-- Input data follows --

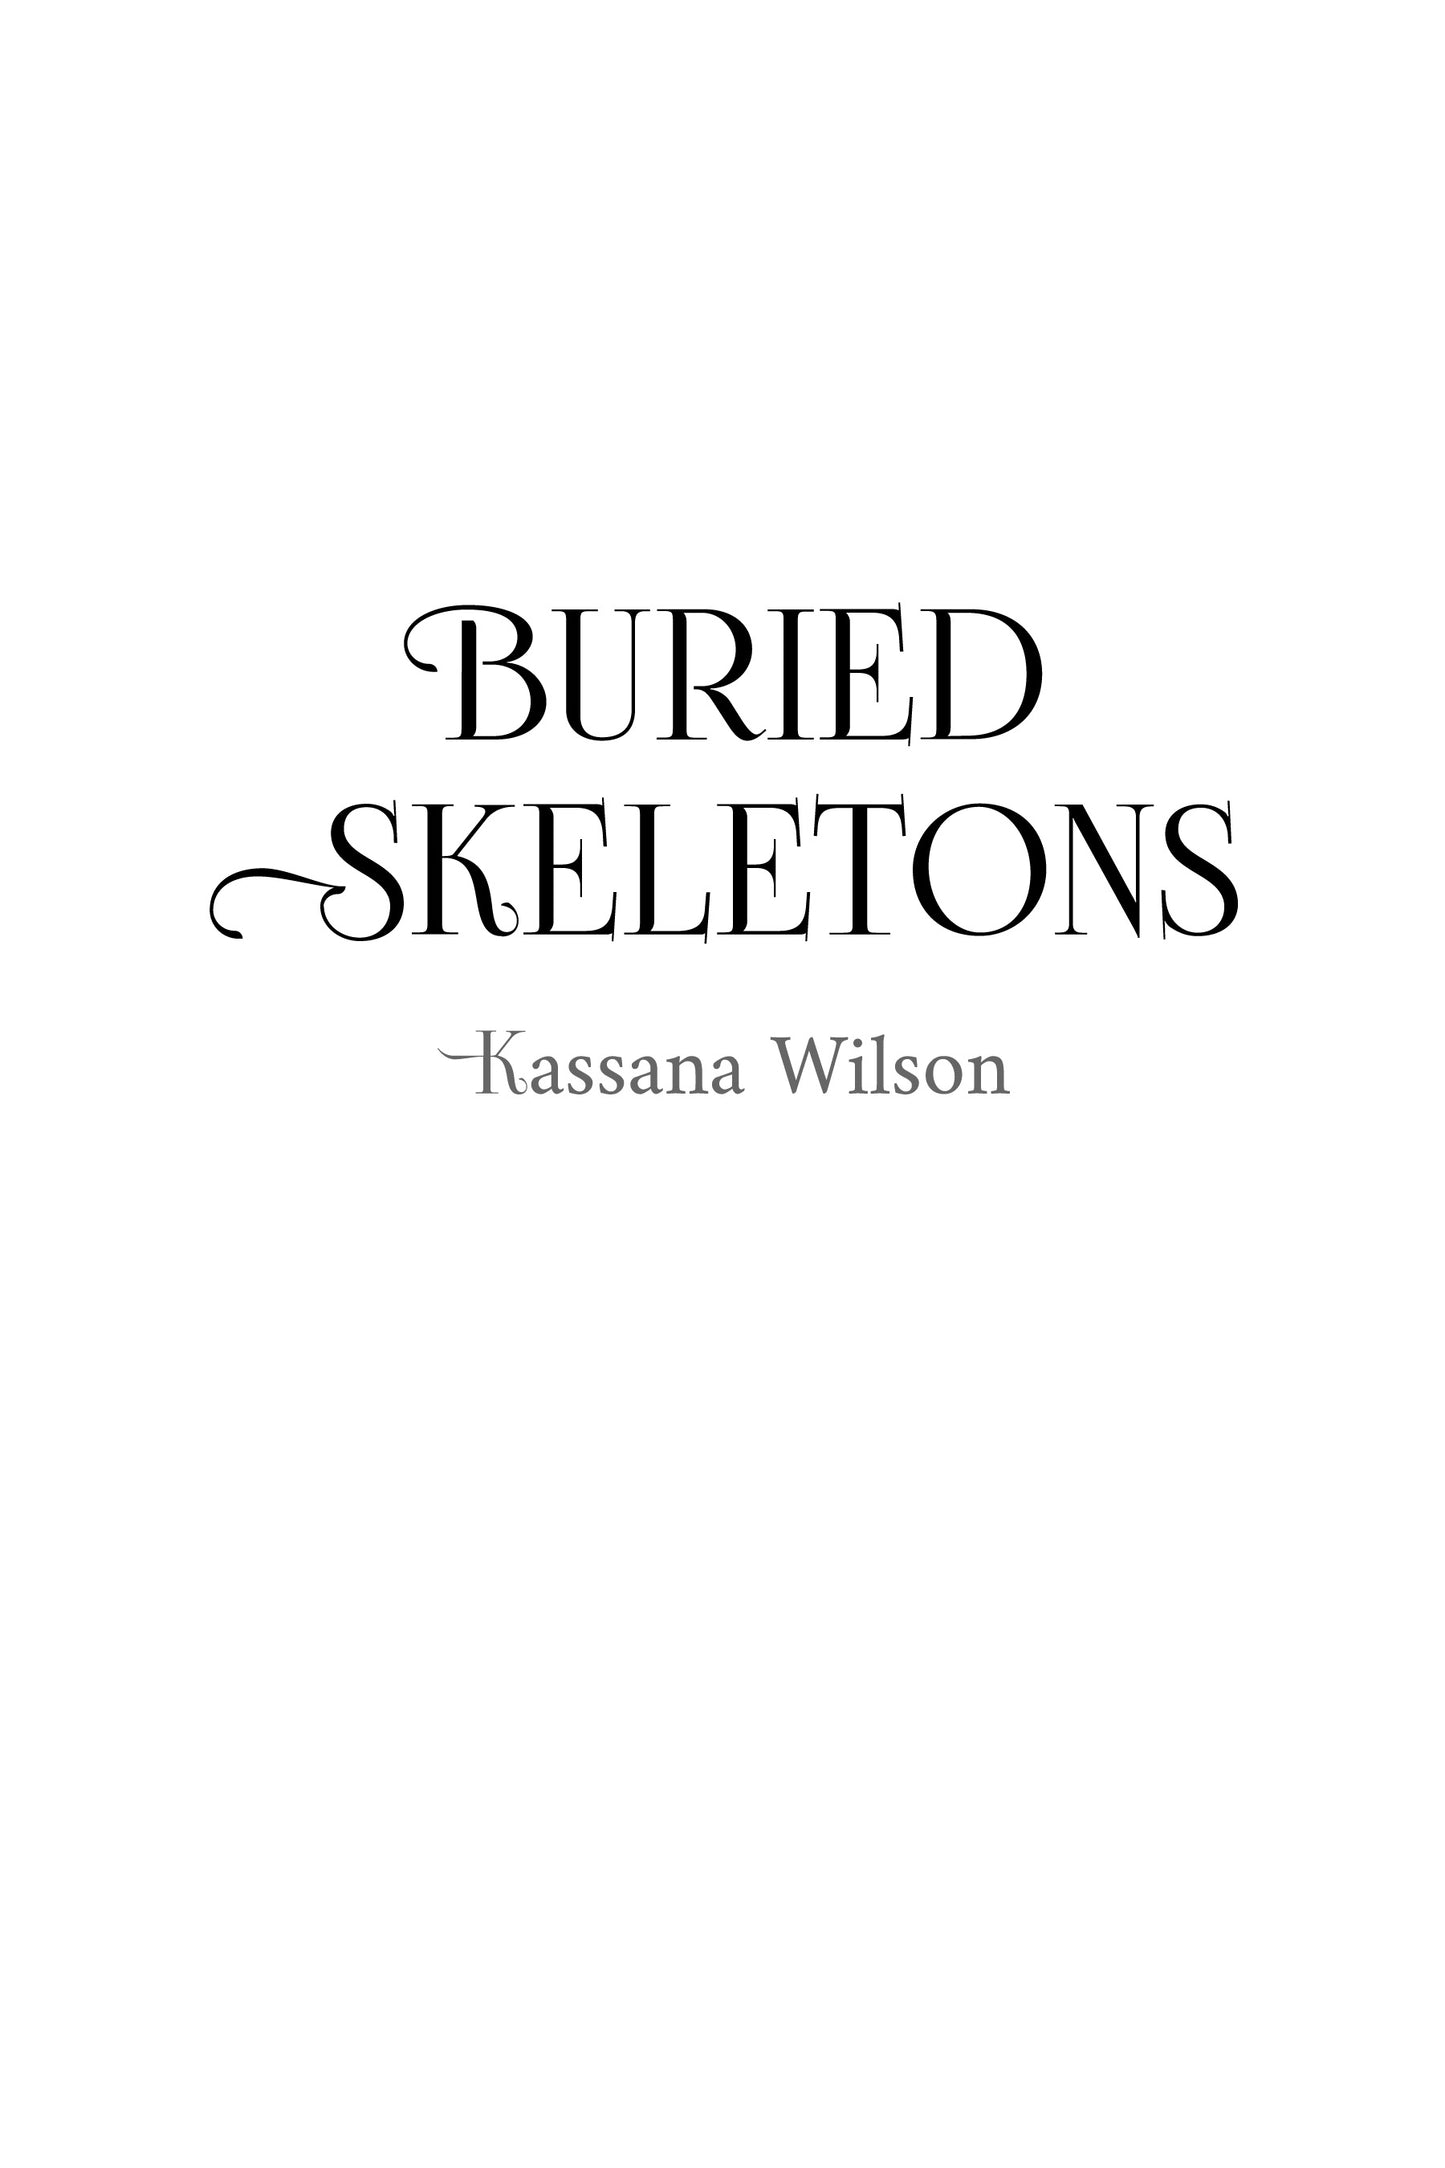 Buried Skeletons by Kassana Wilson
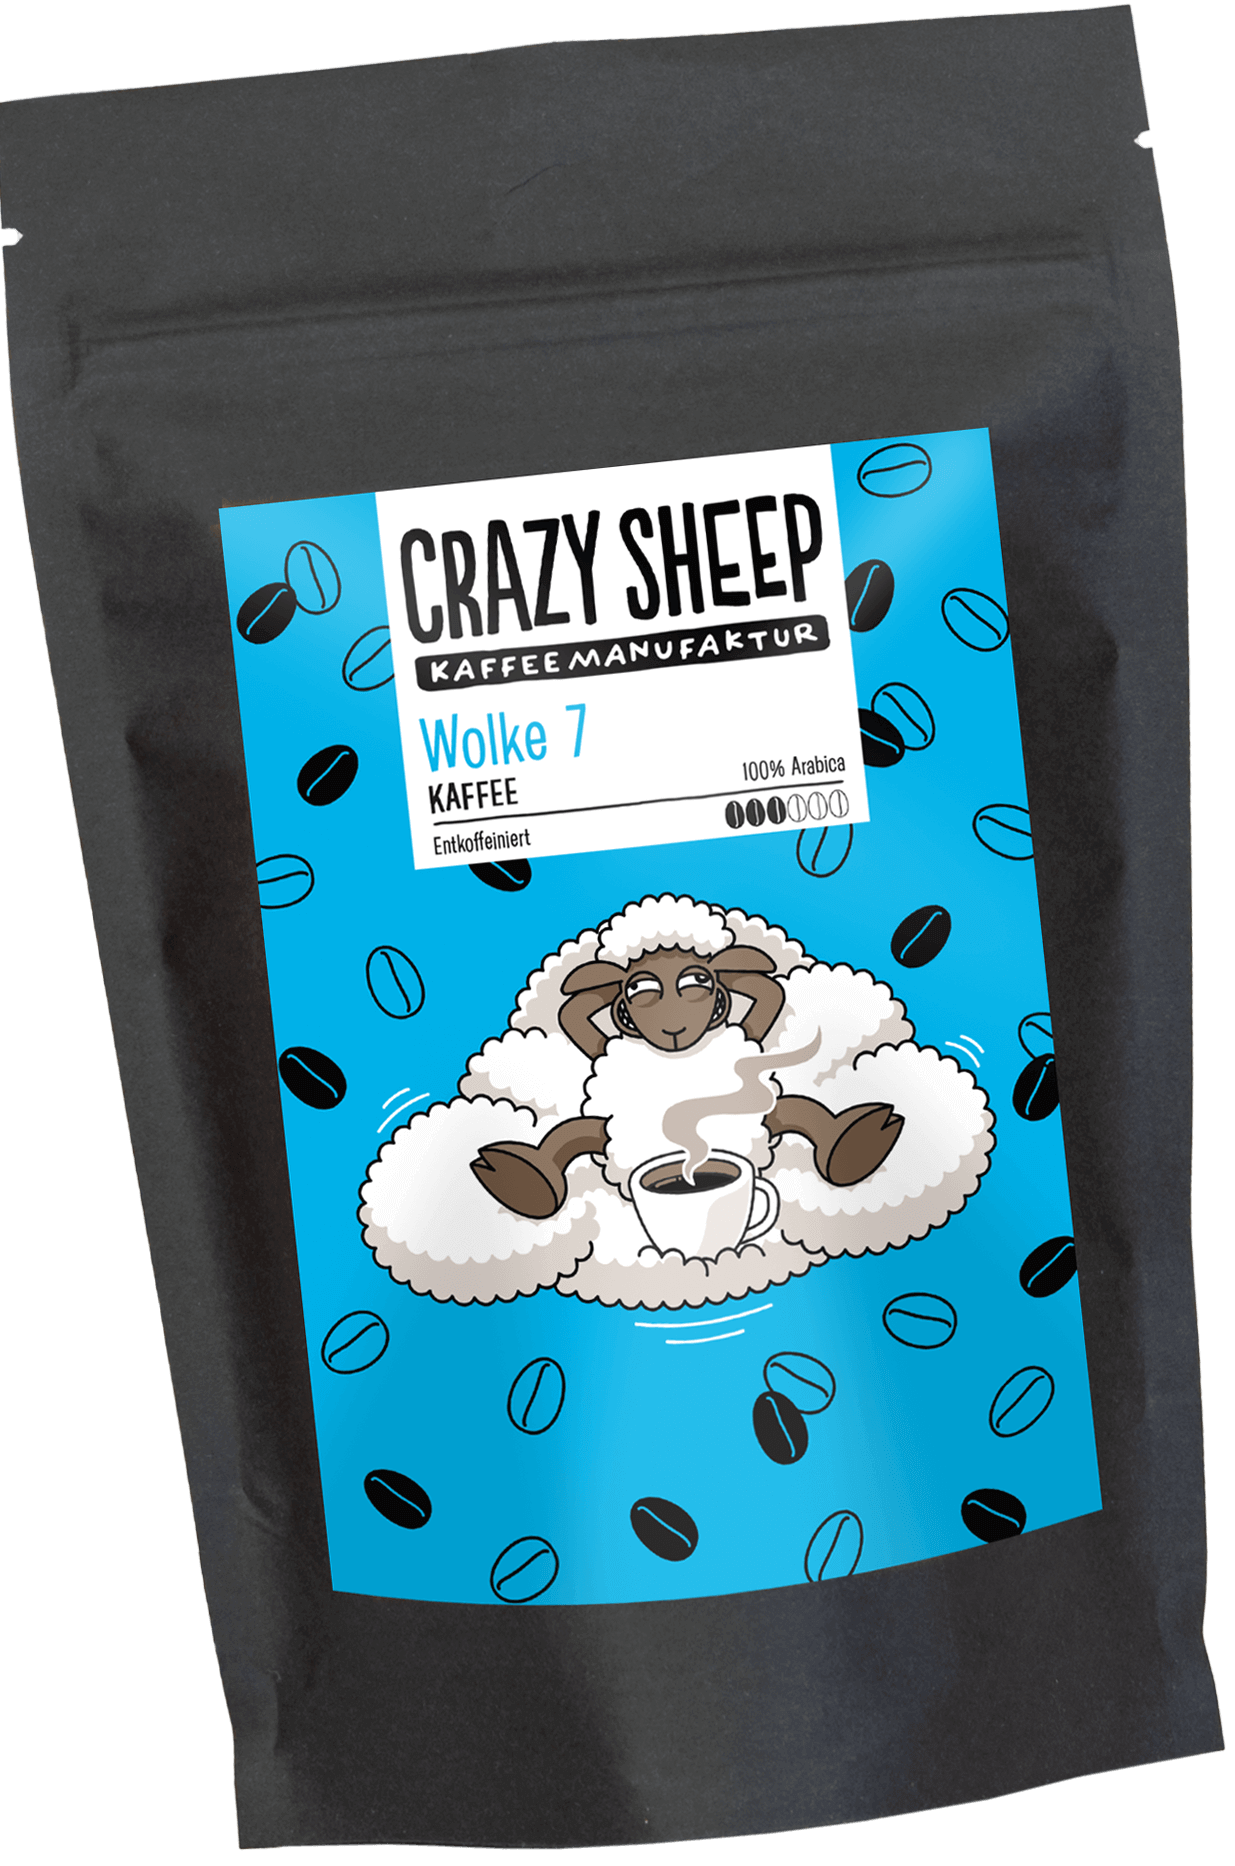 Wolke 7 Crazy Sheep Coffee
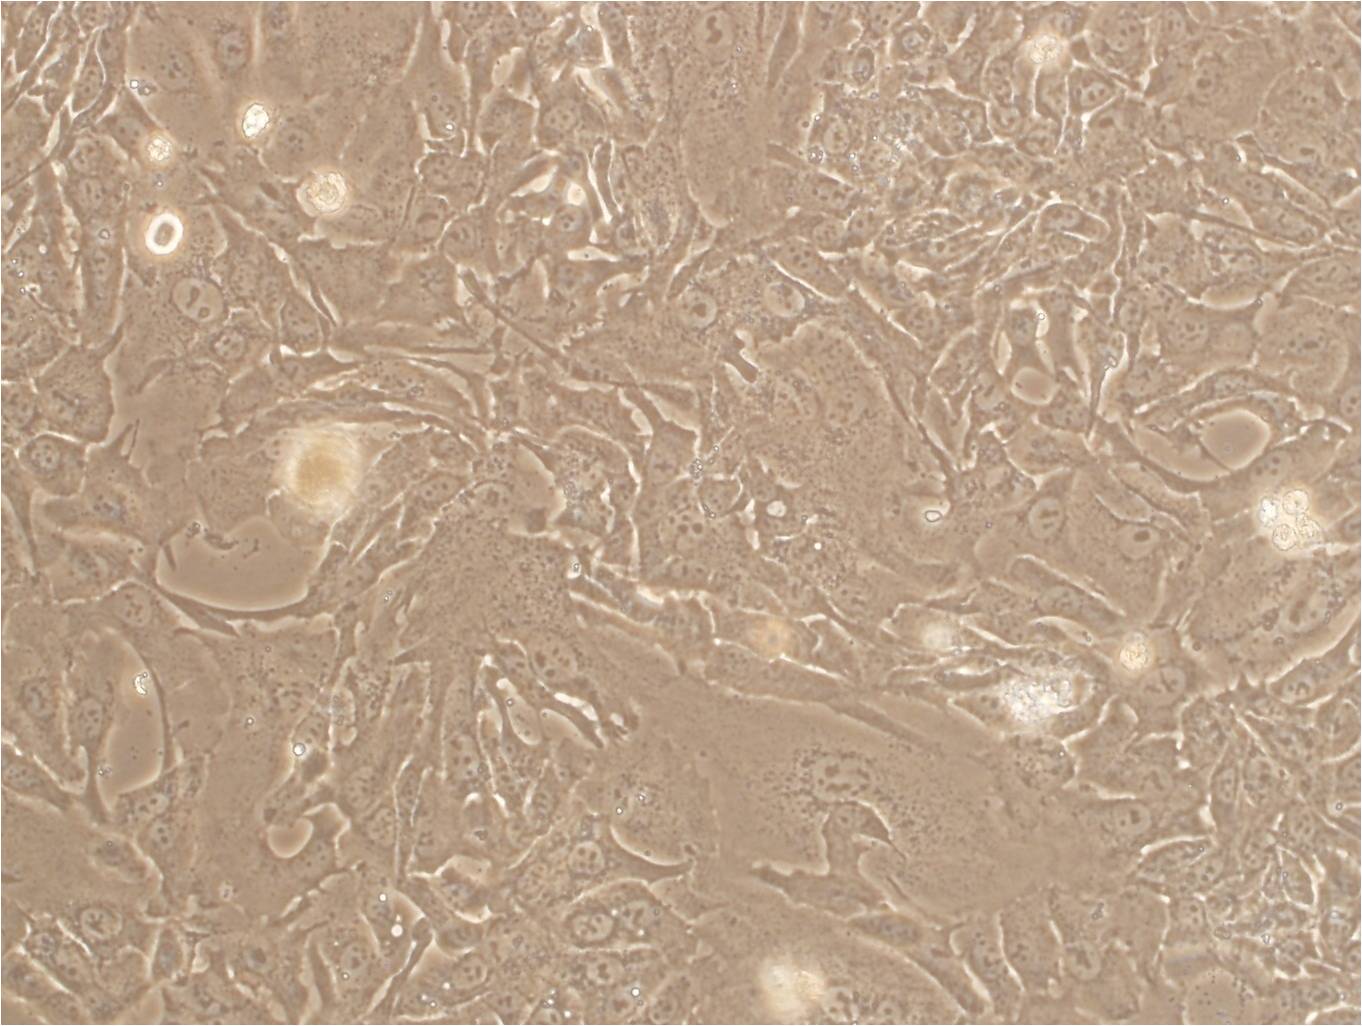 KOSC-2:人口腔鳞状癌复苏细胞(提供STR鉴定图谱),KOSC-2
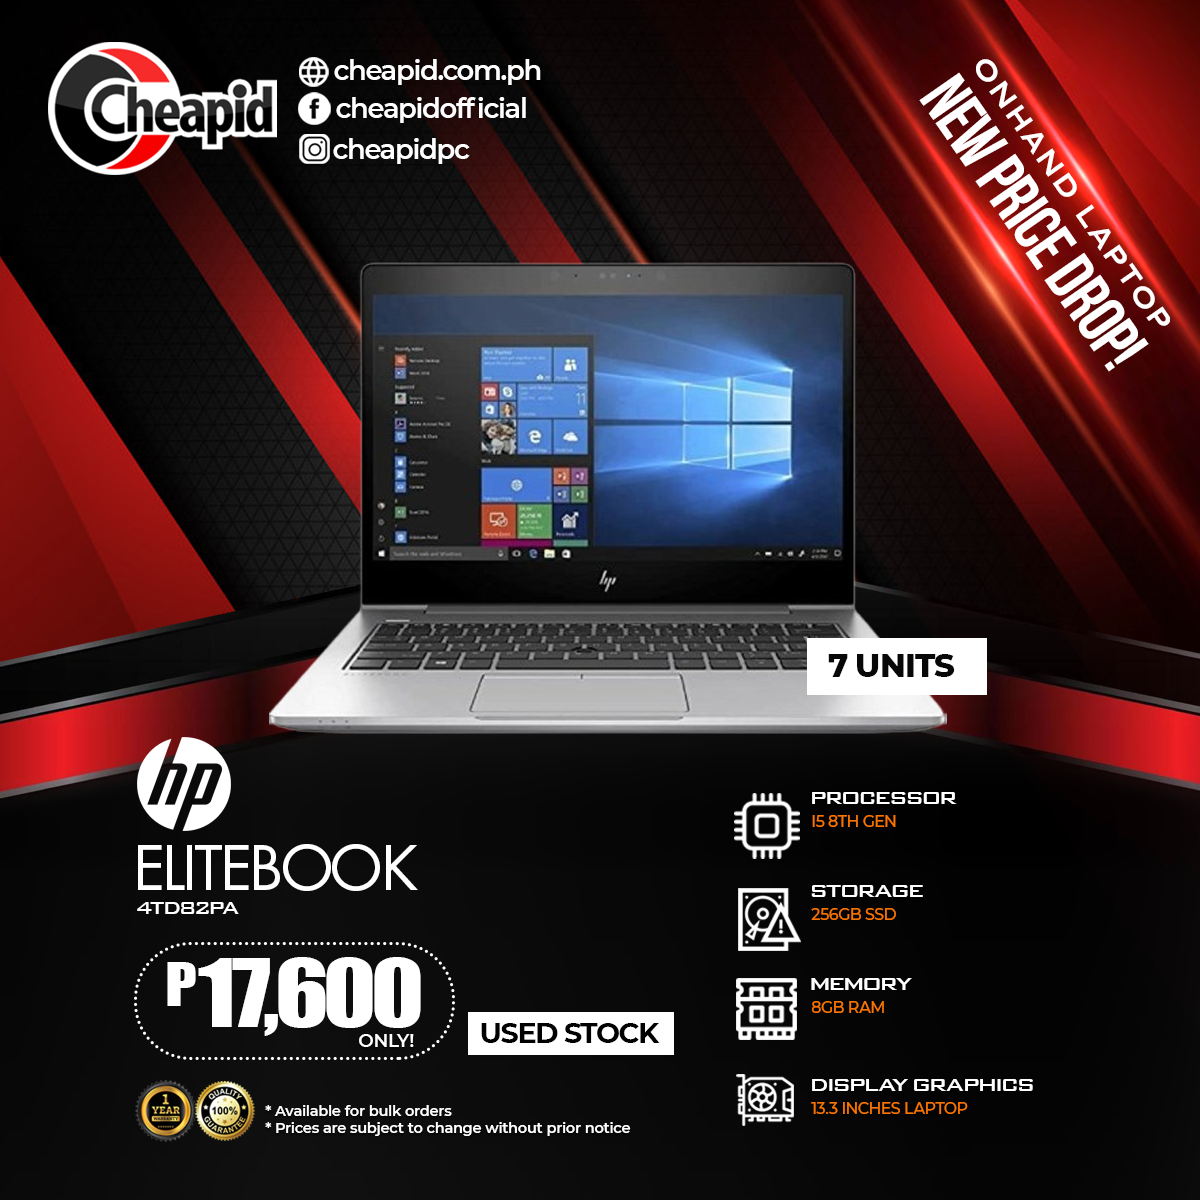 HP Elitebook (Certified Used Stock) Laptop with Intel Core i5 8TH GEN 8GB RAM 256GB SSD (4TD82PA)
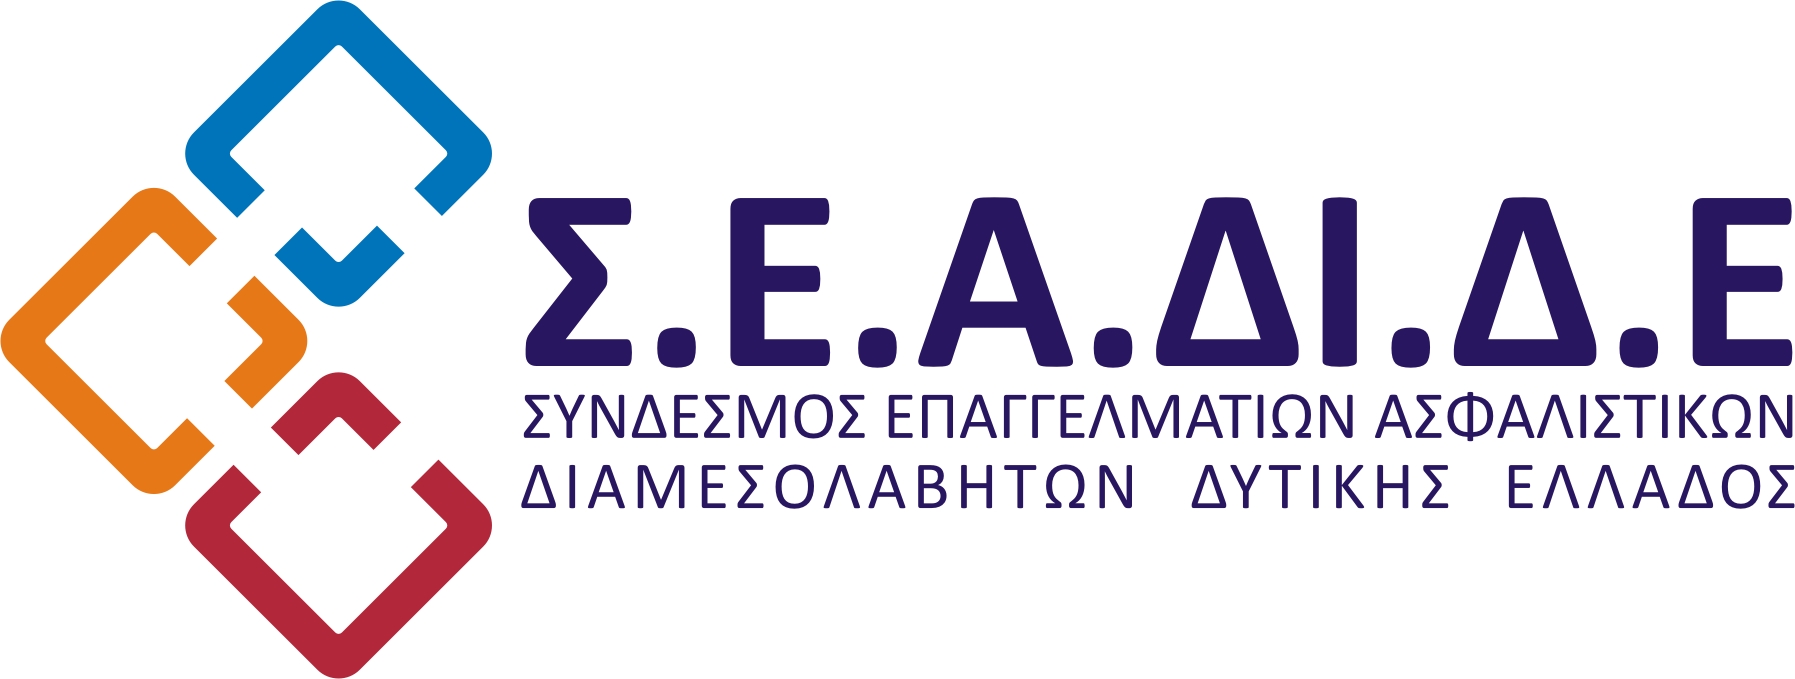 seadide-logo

-- Input data concluded --

● **Problem description**: The answer should hold every entry exactly as given and no pictures at all.

● **Solved exercise**:
 Buried Skeletons by Kassana Wilson
 Wolke 7 Crazy Sheep Coffee
 KOSC-2:人口腔鳞状癌复苏细胞(提供STR鉴定图谱),KOSC-2
 HP Elitebook (Certified Used Stock) Laptop with Intel Core i5 8TH GEN 8GB RAM 256GB SSD (4TD82PA)
 seadide-logo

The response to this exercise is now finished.